Various methods of treatment have been suggested to manage CVS. These include correction of residual refractive errors, instillation of artificial tears, combination of specific body posture, breathing and mental control, visual ergonomics and Ayurveda medicine [28, 32–34]. There are anecdotal reports about the effectiveness of these treatment modalities. Specific pharmacologic intervention to alleviate asthenopia induced by CVS has been investigated previously.

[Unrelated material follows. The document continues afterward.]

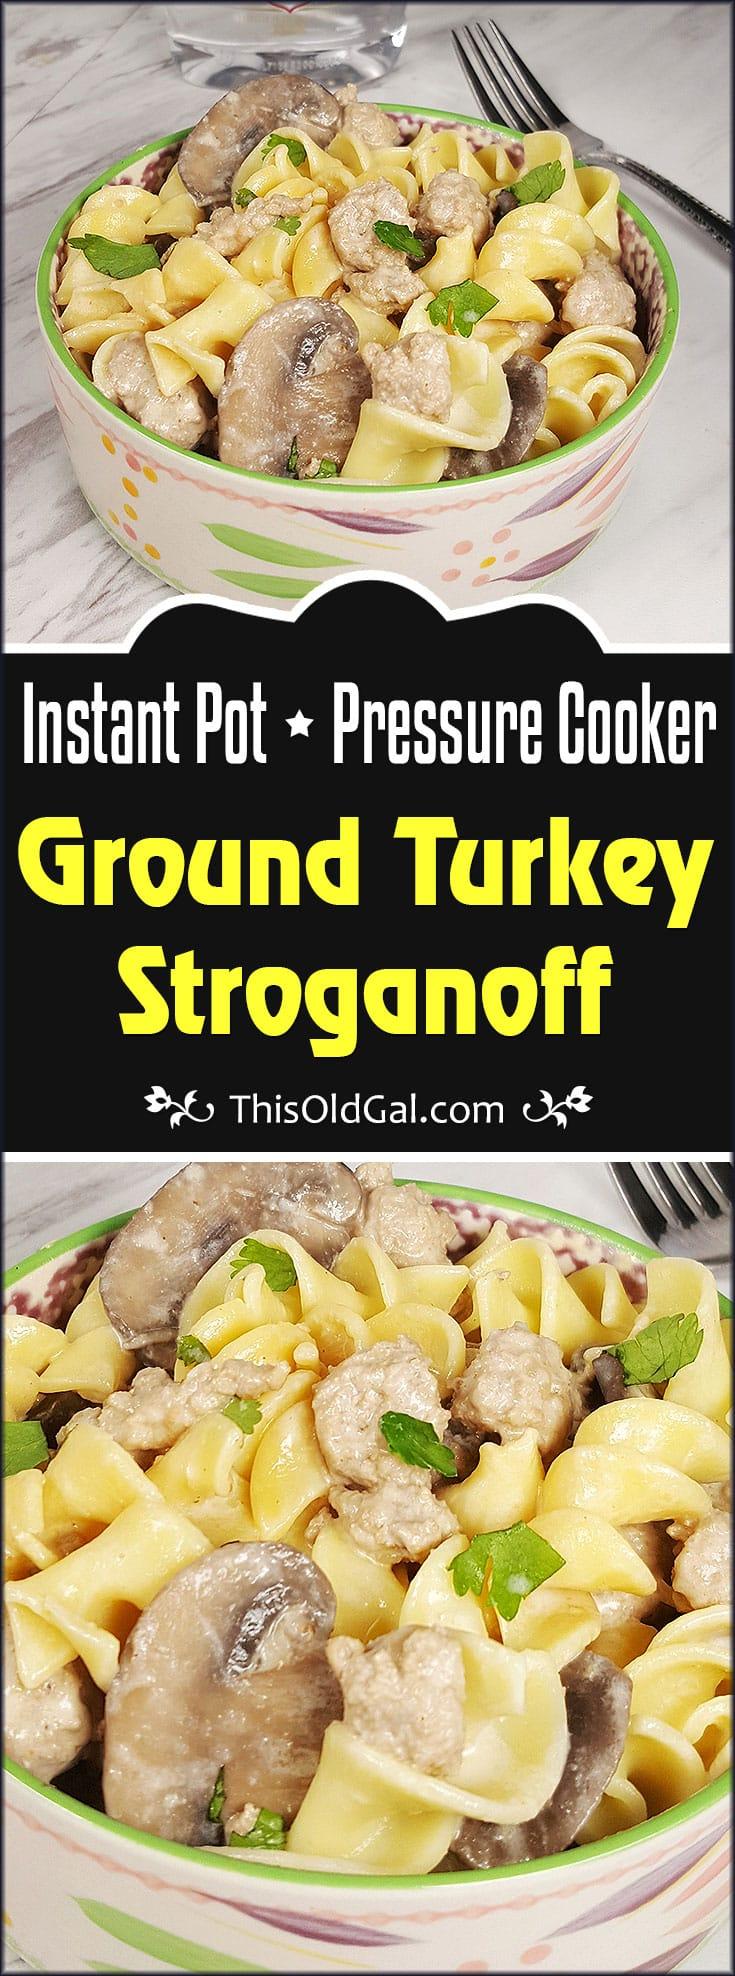 Pressure Cooker Ground Turkey Stroganoff

Omega-3 fatty acid was reported to decrease visual discomfort in CVS by decreasing tear evaporation and improving dry eye symptoms [35]. Topical brief application of polyphenol on eyes alleviated eye fatigue after computer work [36]. It is also important to maintain baseline efforts such as taking regular break, proper refractive correction, and treating underlying ocular surface disease to prevent CVS.

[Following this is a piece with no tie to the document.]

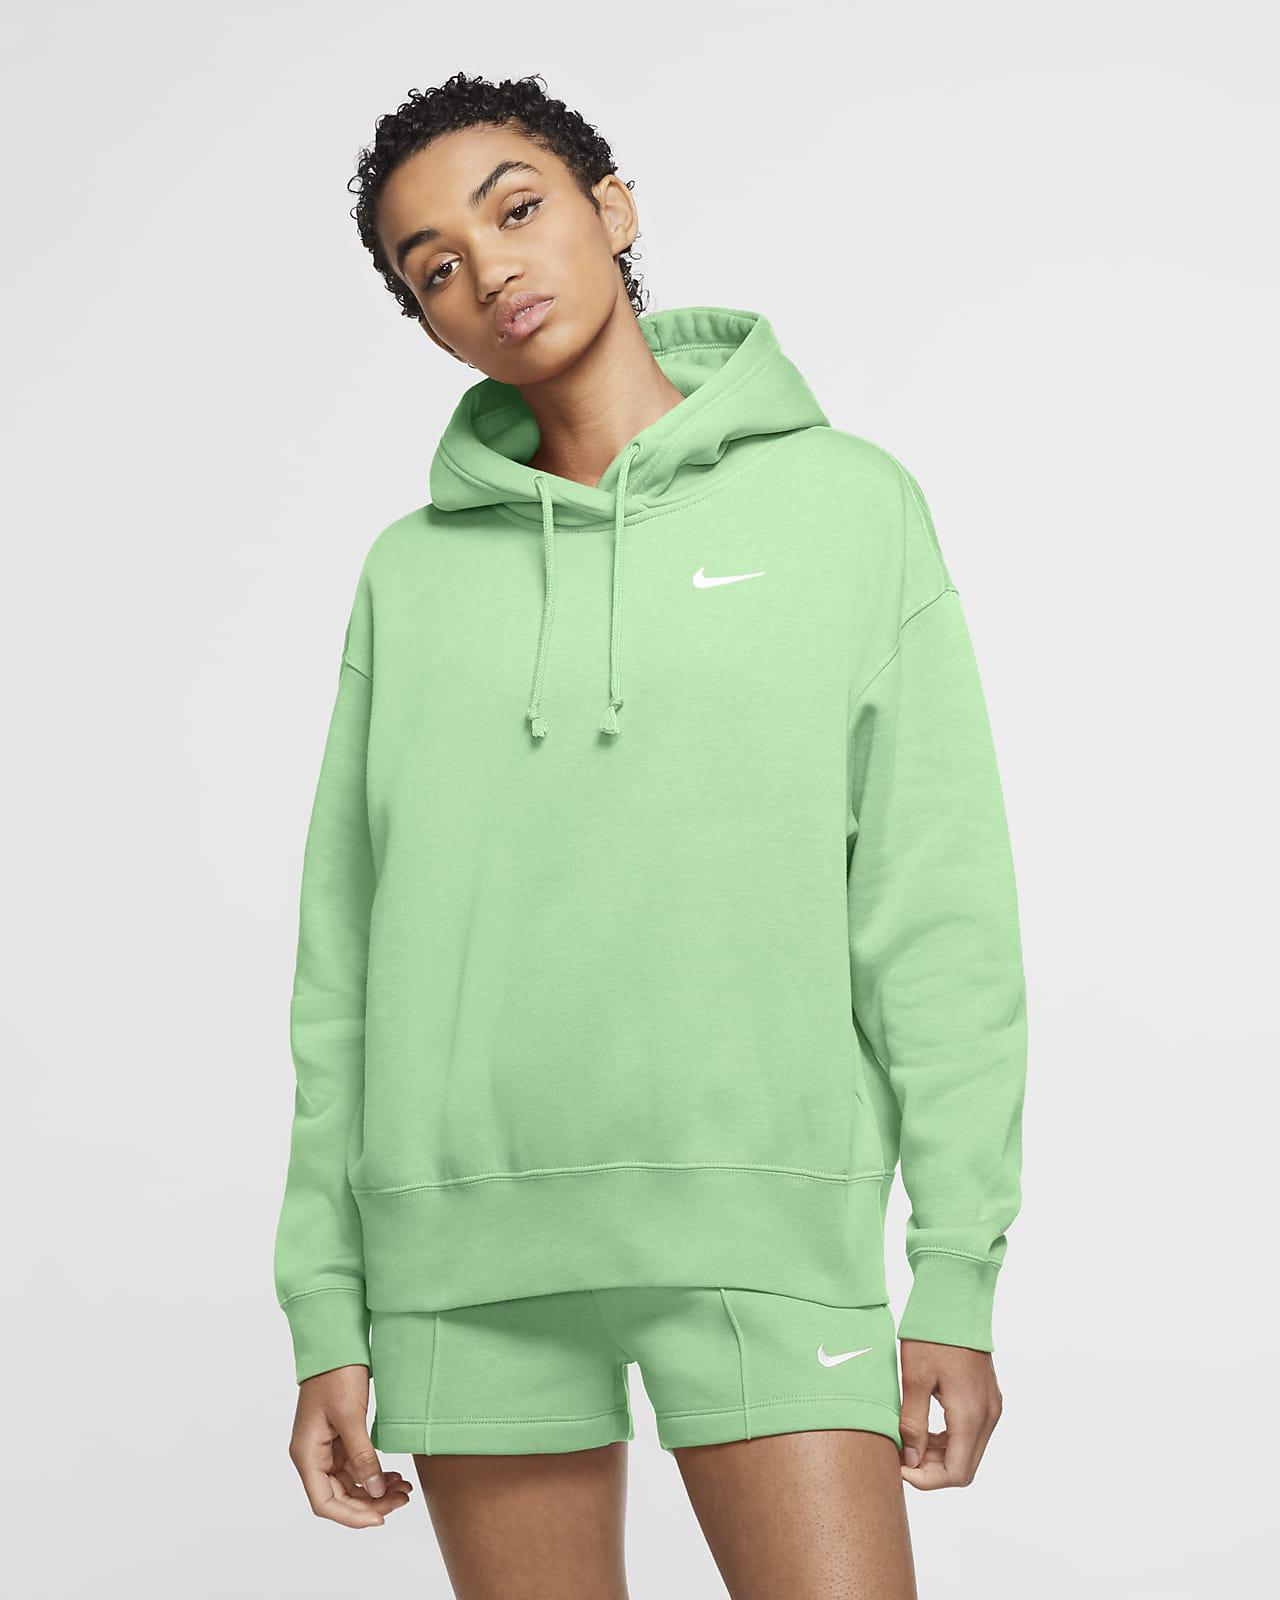 Γυναικεία φλις μπλούζα με κουκούλα Nike Sportswear

In this study, we found that oral intake of DA9301 for 4 weeks significantly alleviated visual discomfort induced by tablet computer work. The exact mechanism of the action of DA9301 needs further investigation. However, as mentioned earlier, DA9301 contains antioxidant ingredients such as anthocyanins and flavonoids [31]. It has been recently reported that Vaccinium uliginosum extract prevented the blue light-induced human retinal pigment epithelial cell death by inhibiting photo-oxidation of N-retinyl-N-retinylidene ethanolamine [37]. Extract of V. uliginosum partially preserved the outer nuclear layer of retina after light damage [19]. Another study reported the positive effect of V. uliginosum extract on improving learning and memory impairment in murine Alzheimer’s disease model [38]. The symptoms of dry eye disease and asthenopia partially overlap [3]. Previous studies have demonstrated the beneficial effect of antioxidants in alleviating dry eye disease [16-18]. We hypothesize that a similar mechanism might be involved in the DA9301-induced alleviation of asthenopia in our study.

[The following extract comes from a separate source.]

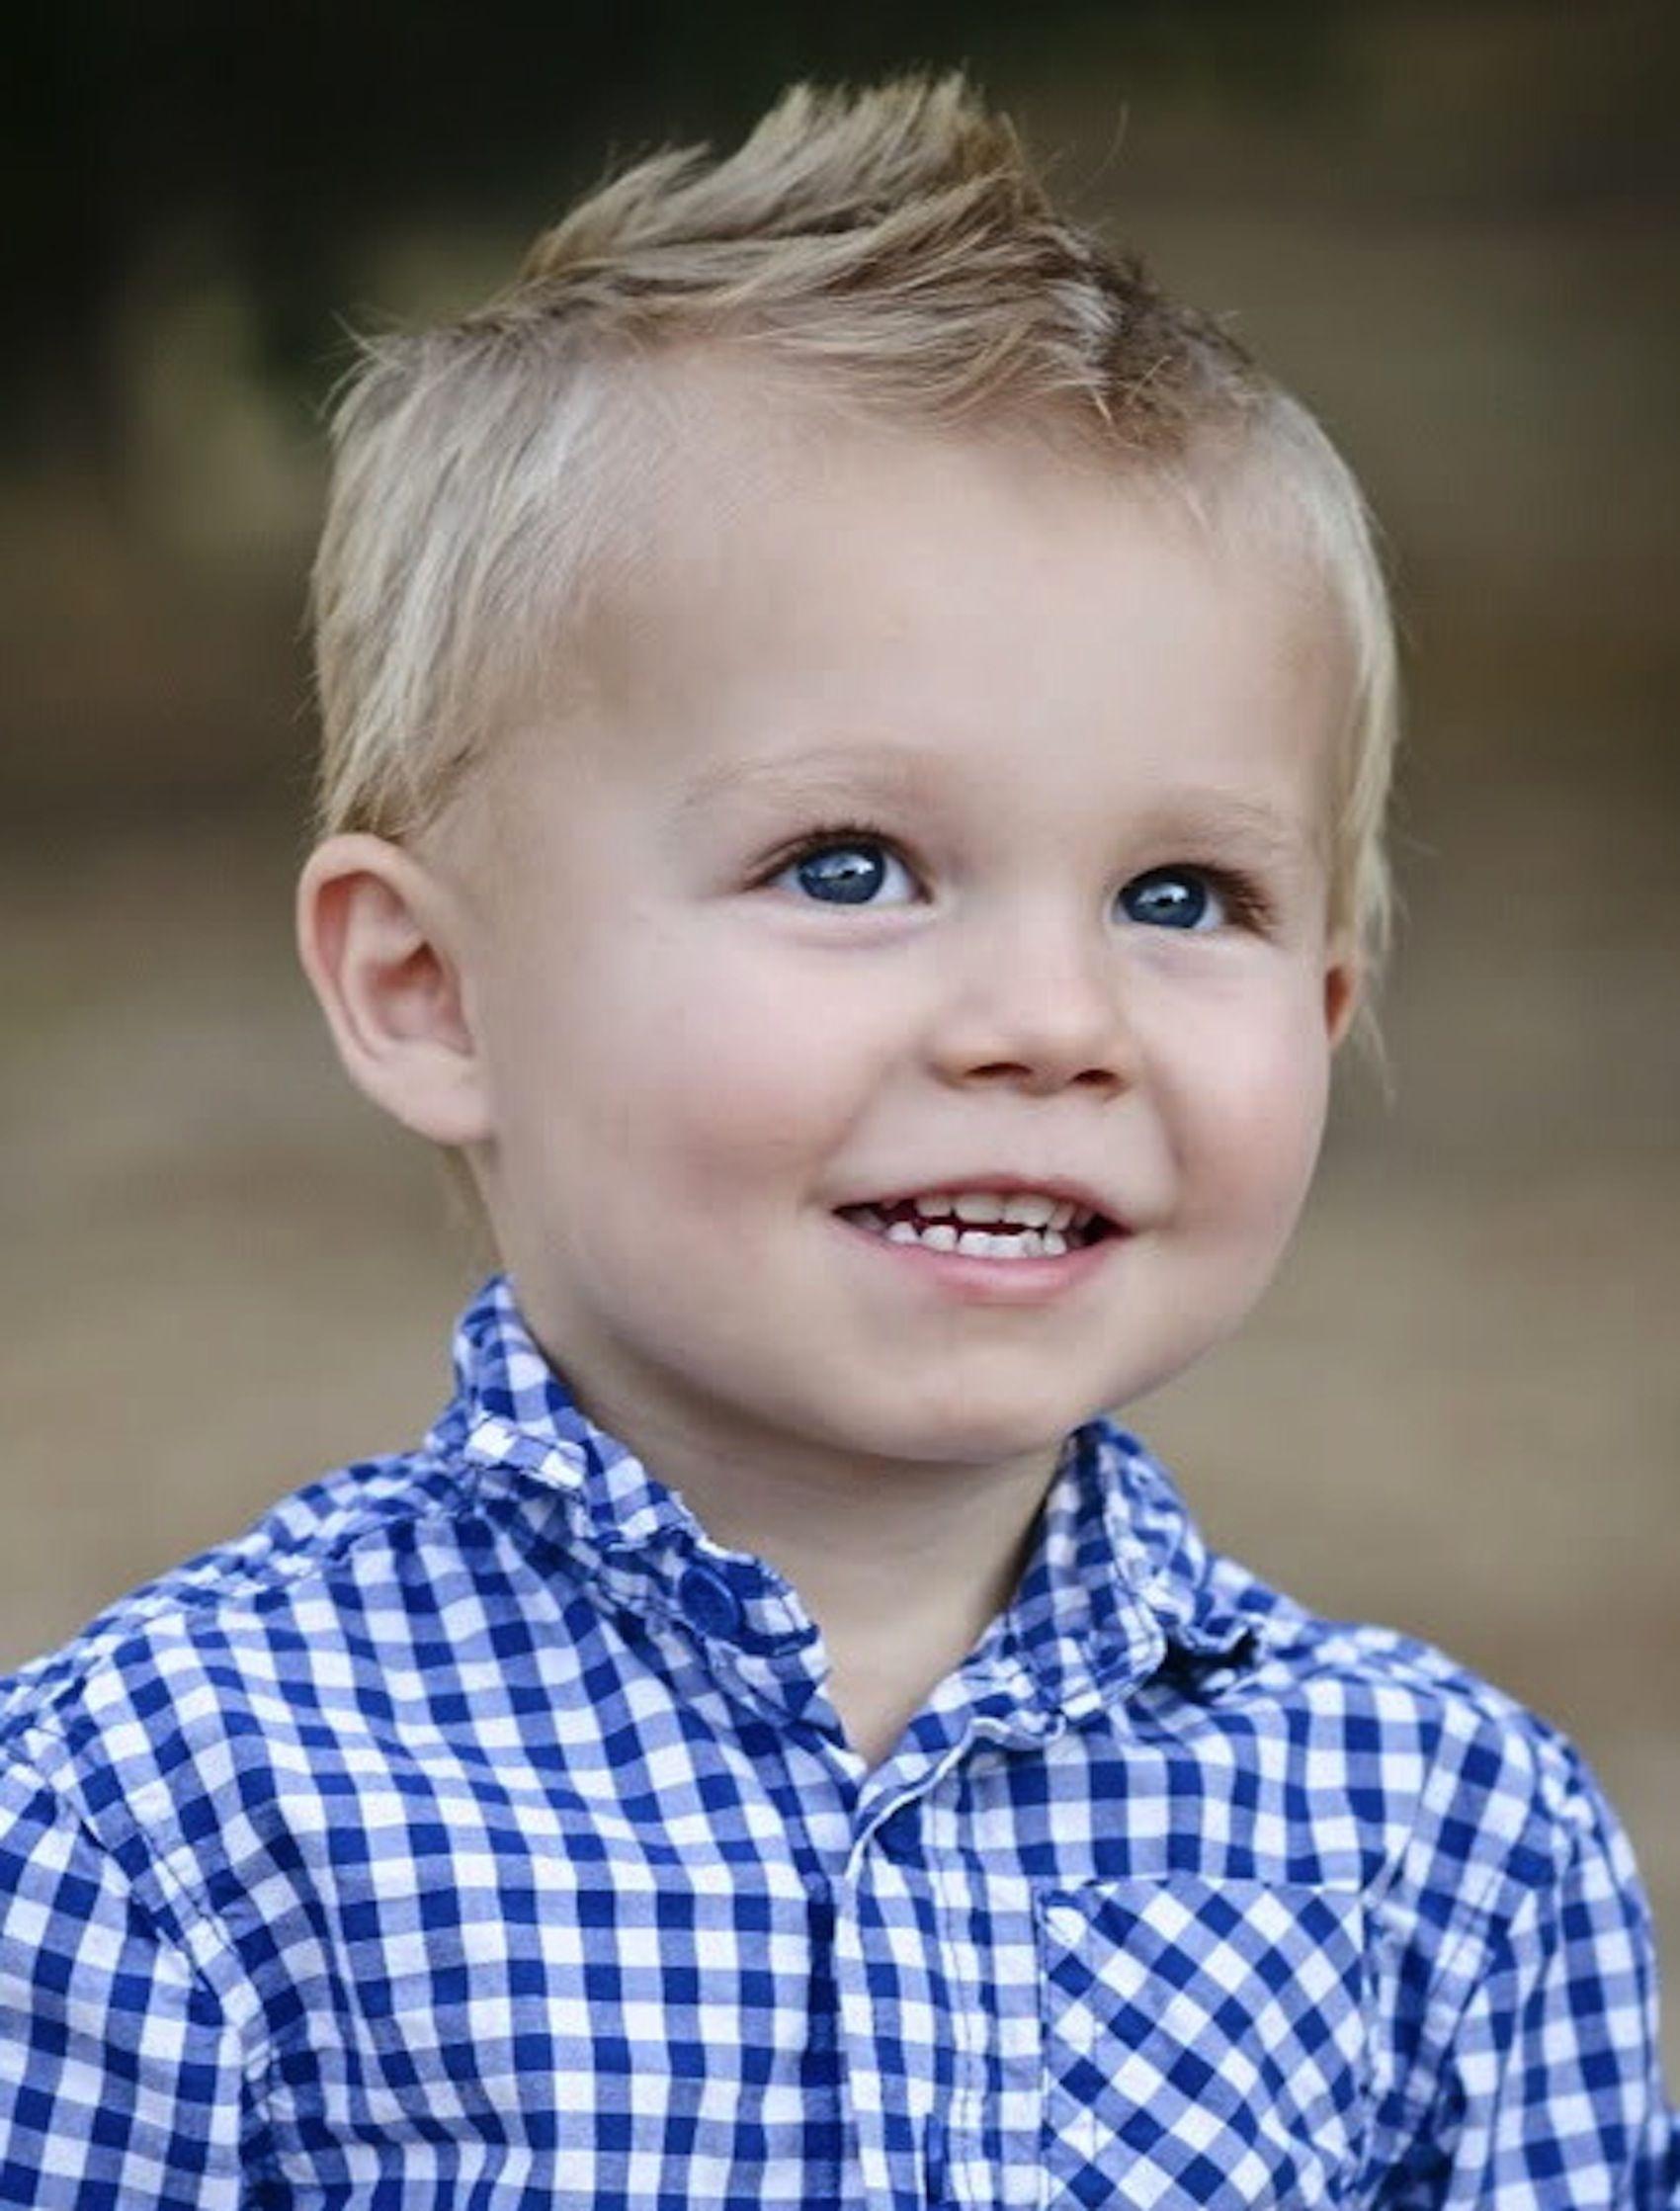 Toddler Boy Haircuts, Baby Boy Haircuts

There are several limitations of this study. First, we used questionnaires to evaluate the effect of DA9301. The responses to the questionnaire are somewhat subjective and could be affected by responders’ daily physical and mental condition. It would be better to adopt an objective measurement of asthenopia. It is noteworthy that a new questionnaire to assess computer vision symptom was recently developed and now is under validation [39]. However, to the best of our knowledge, there is no established objective method to quantify asthenopia, although tear film break-up time and wavefront aberration were used as an possible objective method in our study. Second, the tablet computer stimulus employed in our study is shorter (1 h) than that in a typical CVS model (several hours of intensive computer work). This could explain the relatively mild TAS increase observed in our study. More prolonged and intense computer work could aggravate TAS. Another limitation of this study is the lack of eye exercises screening of the participants. Recently, awareness regarding the eye disorders is on the rise and many people are doing regular eye exercises which can have significant impact on the study. In addition, although DA9301 was found to significantly alleviate asthenopia induced by table computer watching, a reverse trial of DA9301 and placebo (applying DA9301 in placebo group and vice versa) after a washout period may significantly enhance the strength of our result.

Conclusions

Oral intake of DA9301 was effective in alleviating CVS induced by a tablet computer and this could be attributed to its strong antioxidant potential. Further investigation of the mechanisms underlying the effect of DA9301 is warranted.